Simulating a spatial Conditional Autoregressive Model (CAR) from a graph G(V,E)

This is the second delivery on how to simulate a Conditional Autoregressive Model (CAR) using a given graph (aka, lattice, network, etc). For simulating a CAR model without a given graph see: [ HERE ].

Ingredients

  • An adjacency matrix (M) representation of a lattice. This represented a simple graph, i.e. (\(\delta_{i,j} = 1\)) if there exists an edge between \(i \text{and} j\).
  • [To Plot] A corresponding data frame (GeoPandas) to visualize polygons corresponding to the areas of the lattice.

Methods

Load the necessary data. In this example, the lattice L corresponds is the following figure

## Geometry file
geometryfile = "training_data_sample_puebla_p9_geometry.json"
## Readfile
gg = gpd.read_file(geometryfile)
gg.set_index('indx',inplace=True)
plt.rcParams['figure.figsize'] = [10, 10]
gg.plot(edgecolor='black')
## Read the corresponding adjancy matrix
mat_filename = "training_data_sample_puebla_p9_abies_pinophyta_adjmat.npy"
M = np.load(file=mat_filename)

The order of the columns (rows) of M corresponds to the ascending order of the indices of the polygons in the GeoPandas Data Frame, i.e. the element in gg with the lowest index corresponds to the first column (row) of M, and successively. If this order is not respected the spatial autocorrelation will be lost.

Building the precision matrix Q

Given that the probability distribution of CAR model is a Multivariate Normal distribution \(MVN(0,Q^{-1})\). Simulating a CAR model would correspond to simulating this process. The challenge resides, however, in the construction of the precision matrix \(Q\). We will follow the work of: Besag, 1991 , Rue and Hoavard, 2005 and Morris et. al. 2019 . Any doubt go those references.
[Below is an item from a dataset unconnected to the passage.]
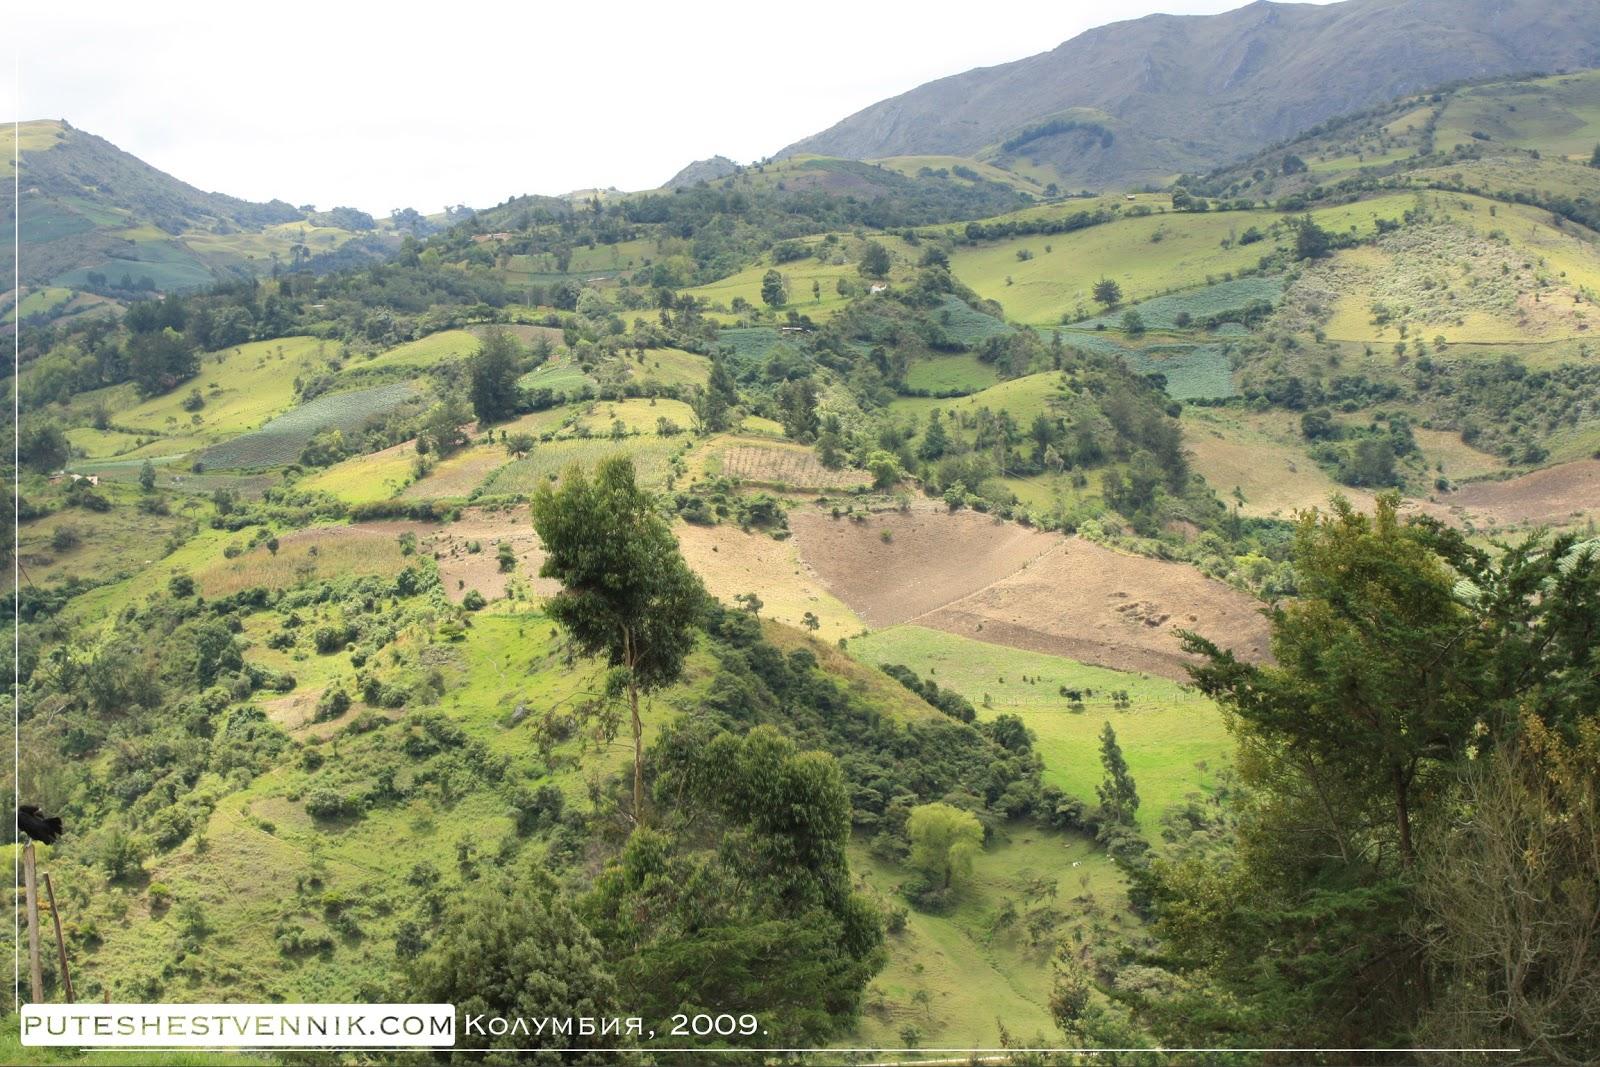 Зеленые лоскуты возделанных земель в горах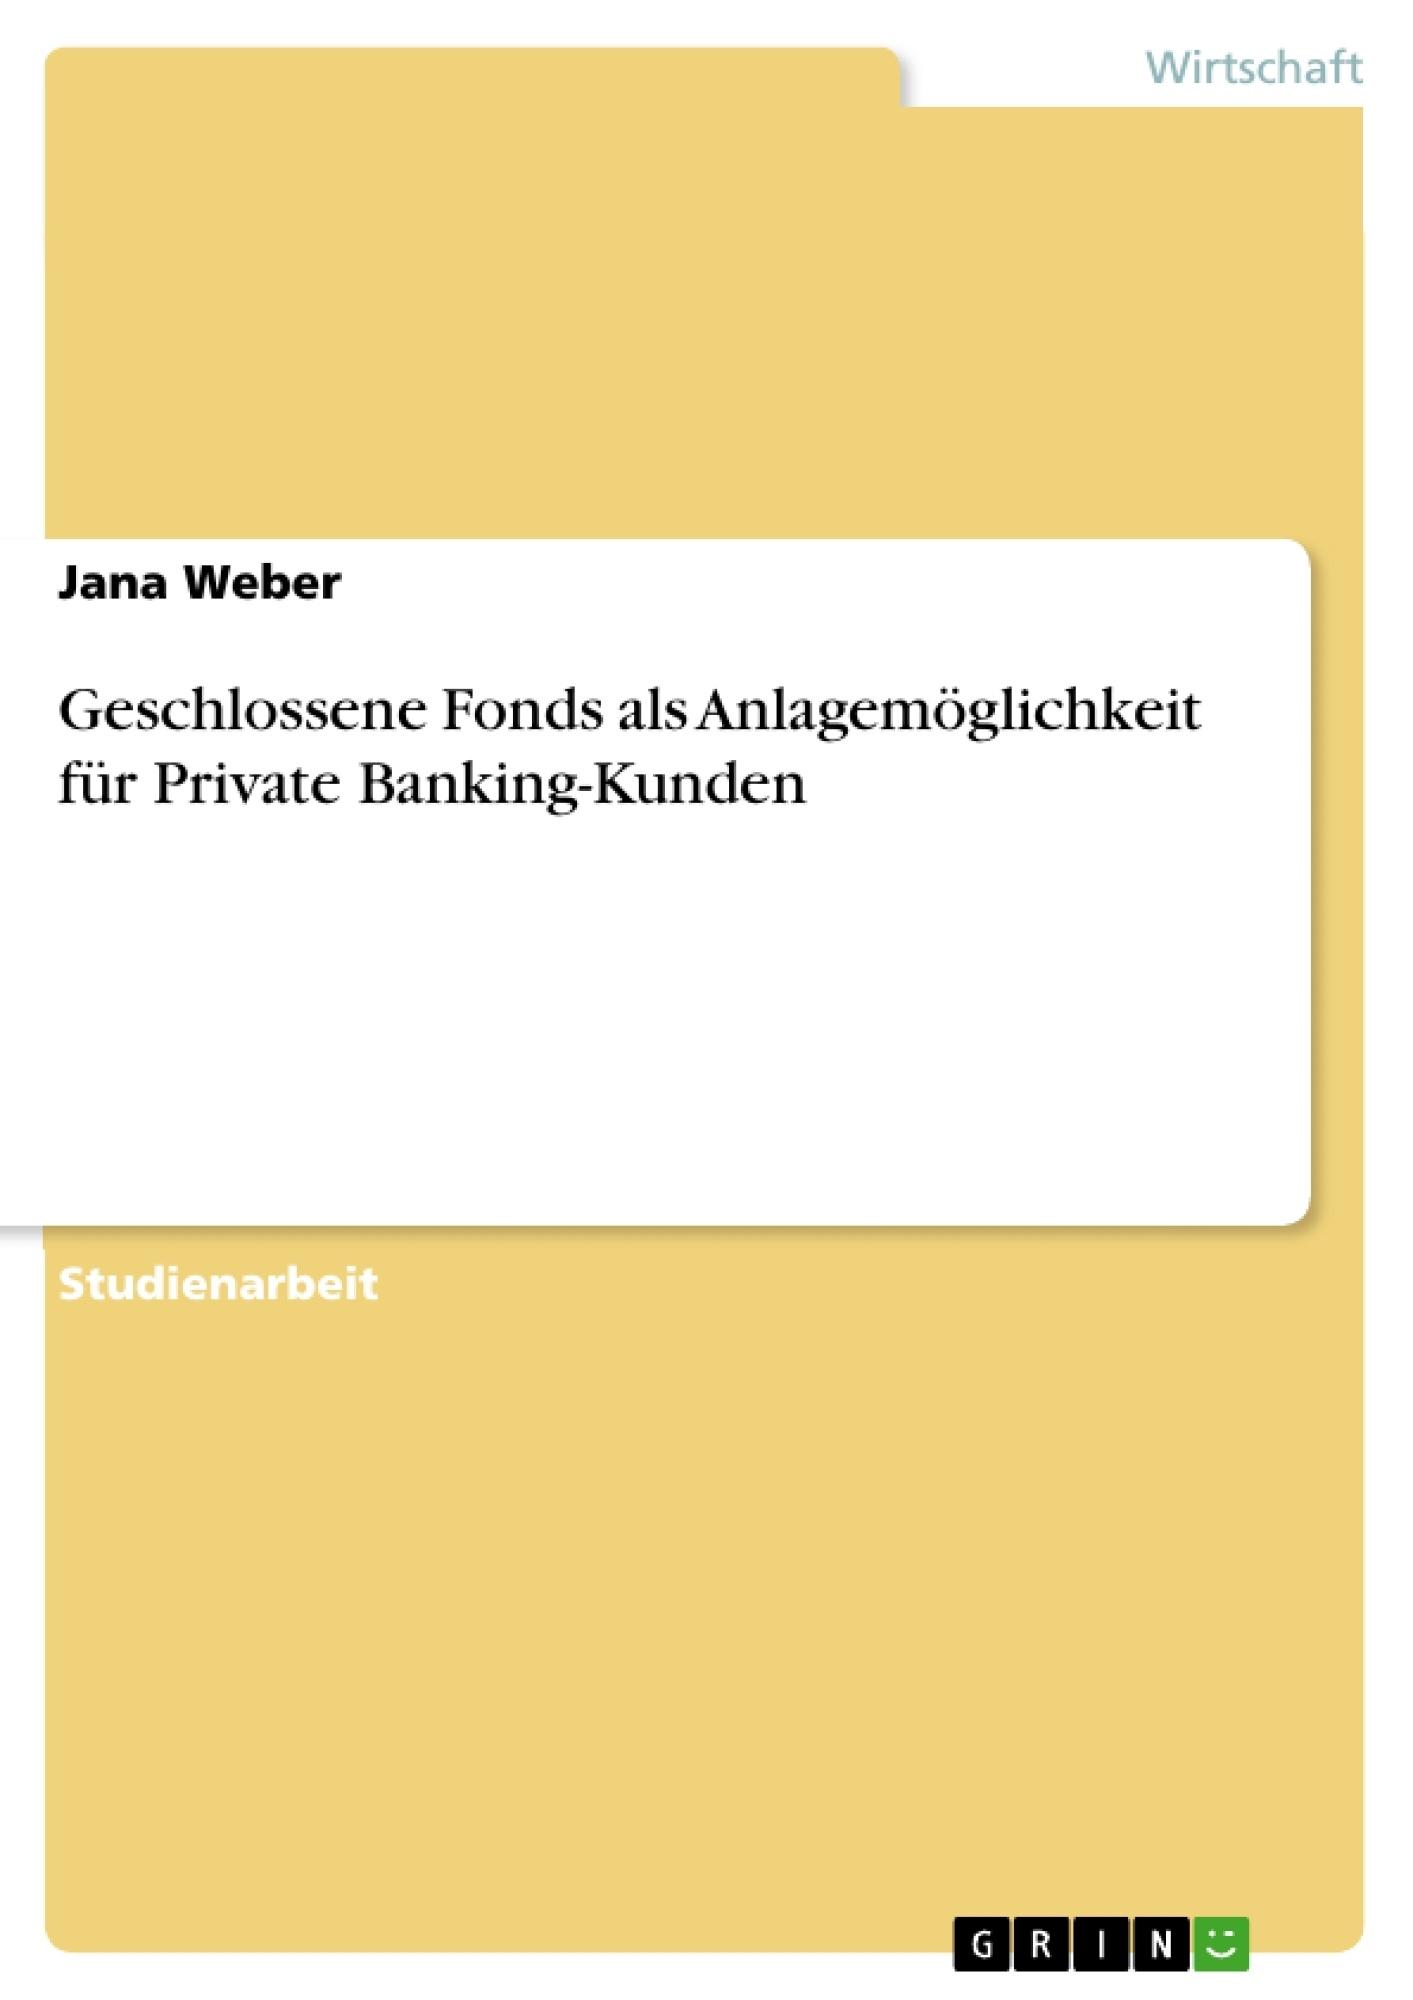 Titel: Geschlossene Fonds als Anlagemöglichkeit für Private Banking-Kunden

During the realisation of this tutorial I had problems simulating an intrinsic CAR Model obtaining a Q that is not semi positive definite (SPD). In this regard we will build Q as follows:

\(Q = \tau^2 D_{w}( I – \alpha B)\)

Where \(\tau^2\) models the general variance, \(D_{w}\) represents the number of neighbours for each node in the graph and B is the matrix resulting from \(B = M/D_{w}\) where M is the corresponding adjacency matrix. B guarantees that Q will be positive definite. The parameter \(\alpha\) represents the degree of spatial autocorrelation and ranges from \((0 to 1)\). I recommend to test different values of \(\alpha\). In addition remove any “islands” nodes without neighbours. Failure to do so can lead to no positive definiteness. The code to achieve this is here:

def buildQ(M,D,tau_2=2.0,alpha=0.99999):
    I = np.identity(M.shape[0])
    D_ = np.diag(np.reciprocal(np.diag(D)))
    B = np.dot(M,D_)
    Q = np.dot(tau_2 * D_,(I - alpha* B))
    return(Q)

## Calculate number of neighbours 
D = np.sum(M,axis=1) 
## Remove islands 
idx_islands = np.where(D == 0 ) 
ND = np.delete(D,idx_islands,axis=0) 
NM = np.delete(M,idx_islands,axis=0) 
NM = np.delete(NM,idx_islands,axis=1)

## Calculate Q
Q = buildQ(NM,ND,tau_2=2.0,alpha=0.995)

 

Here we will visualize the Covariance matrix (\(Q^{-1}\))

 

A we now made sure (by construction, or try and error 😛 ) that Q is Positive Definite, we can therefore calculate the Cholesky decomposition, making the simulation remarkably fast and efficient. Here we follow algorithm 2.4 from Rue and Hovard. The code is as follows:

## Simulation Algorithm 2.4
def generateCARSimulation(Q,mu):
    L = np.linalg.cholesky(Q)
    I = np.identity(L.shape[0])
    z = sp.random.normal(loc=mu,scale=1.0,size=L.shape[0])
    v = np.linalg.solve(L.transpose(),z)
    return(v)
v = generateCARSimulation(Q,mu)

To visualise the simulation just join the random vector v with the GeoPandas dataframe, gg as follows.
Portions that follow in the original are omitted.